His first book was a biography of Émile Zola, Zola and His Time: The History of His Martial Career in Letters (1928). Interested in 19th-century French literature, he also wrote the biographies Victor Hugo (1942) and Stendhal (1946). His books about American economic history include The Robber Barons: The Great American Capitalists, 1861–1901 (1934), which chronicles the lives of late 19th century barons of industry like John D. Rockefeller and Andrew Carnegie, Edison: A Biography (1959) and The Money Lords: The Great Finance Capitalists, 1925–1950 (1972). Josephson wrote two memoirs, Life Among the Surrealists (1962) and Infidel in the Temple (1967), and with his wife Hannah, a biography of Al Smith. He was elected a member of the National Institute of Arts and Letters in 1948.

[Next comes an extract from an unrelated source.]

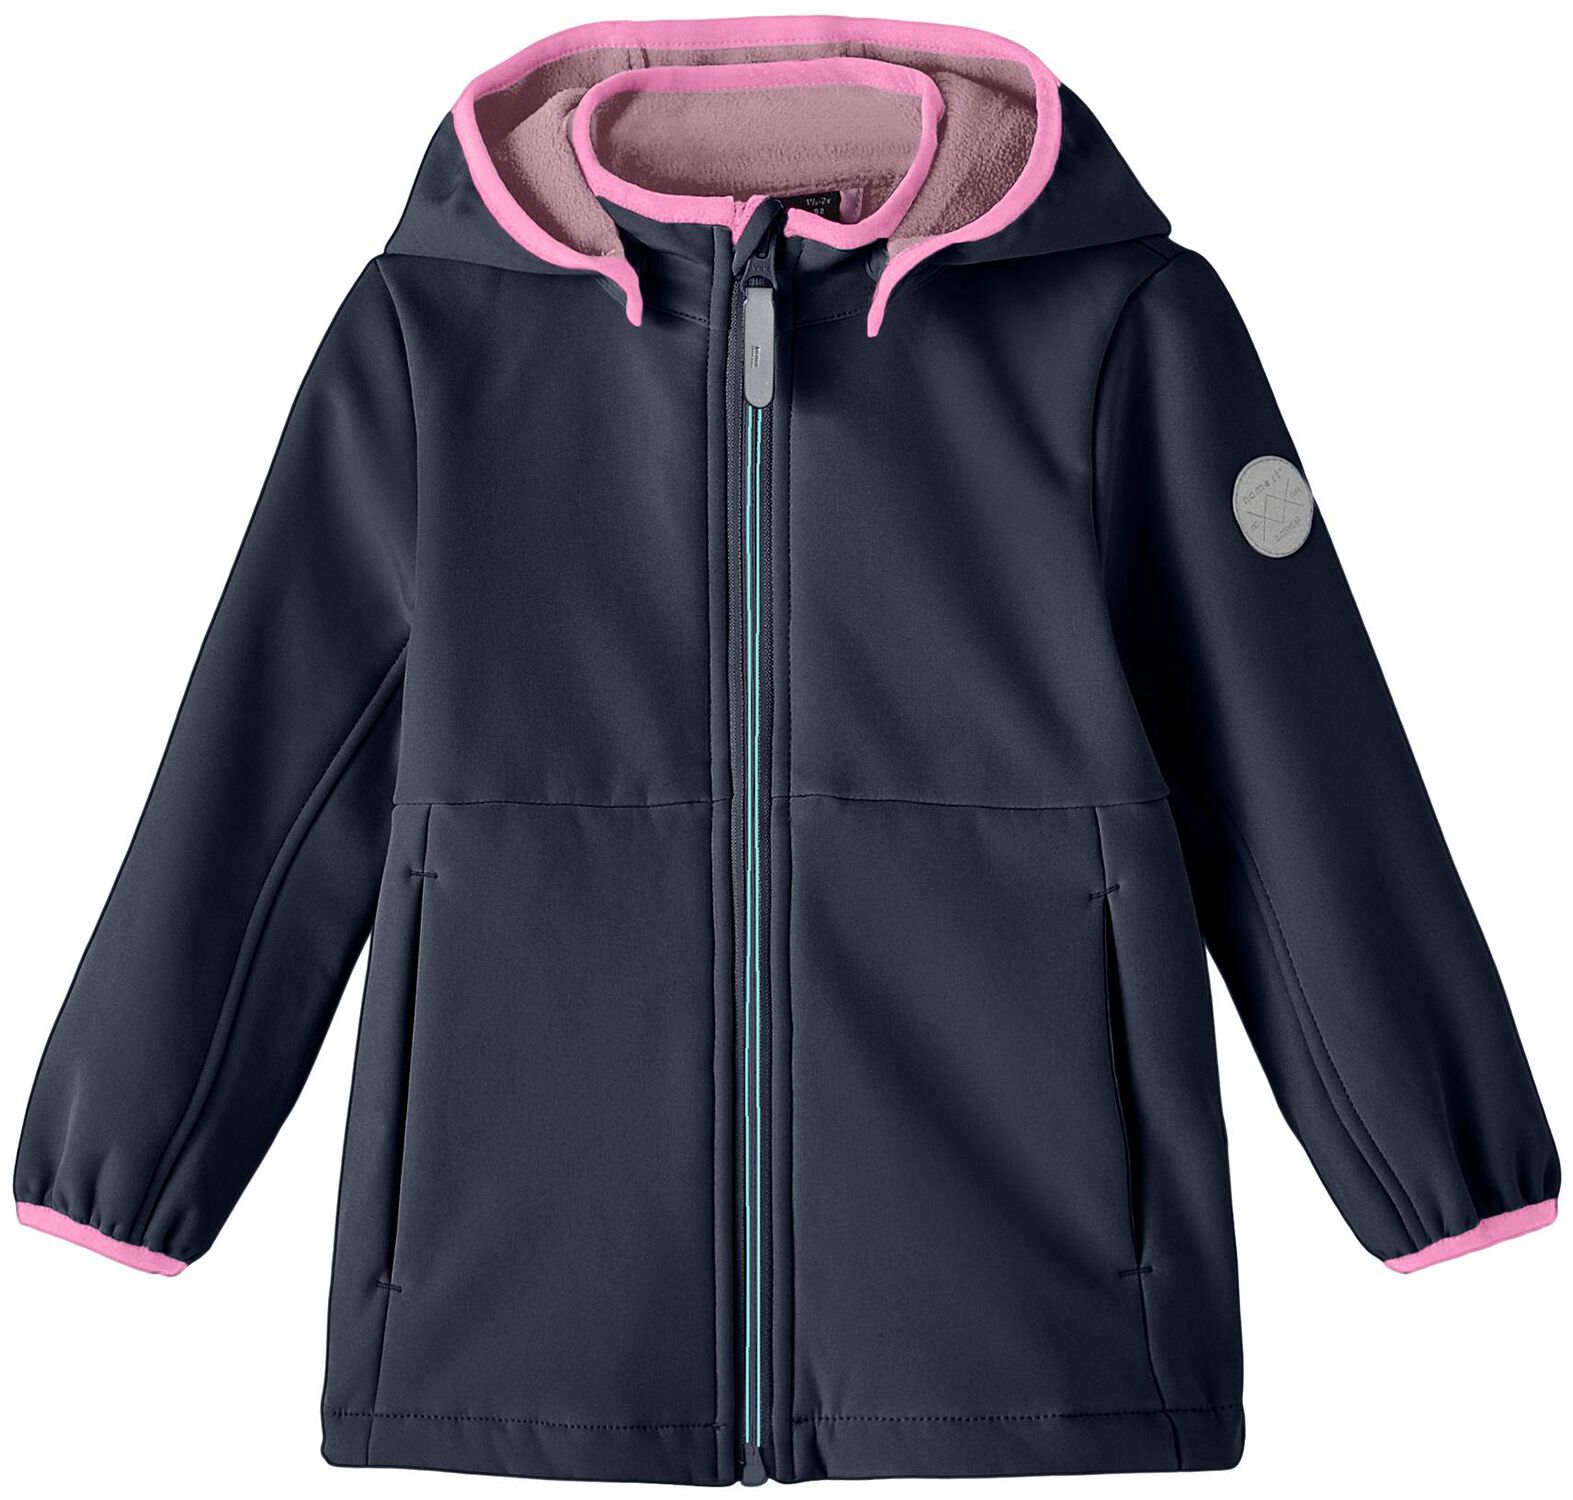 Image of Giacca di name it - Malta softshell jacket NOOS - 128 a 164 - ragazze - blu scuro

Born in New York City, Hannah Josephson, née Geffen (1900-1976) studied at Hunter College and at Columbia University’s Graduate School of Journalism. She married Matthew Josephson in 1920 and started working as a journalist. In 1949 she became librarian, editor of publications, publicity director and director of manuscript exhibition for the American Academy of Arts and Letters until her retirement in 1965.
Together with Malcolm Cowley, Hannah Josephson published Aragon: Poet of the Resistance. Her own books include The Golden Threads about women workers in the textile mills of Massachusetts between 1822 and 1850. With her husband she wrote Al Smith: Hero of the Cities which received the Van Wyck Brooks Award of the University of Bridgeport. Her last book was Jeanette Rankin: First Lady in Congress. Josephson also translated several books including Louis Aragon’s The Century Was Young, Philippe Soupault’s Age of Assassins and Gabrielle Roy’s The Tin Flute.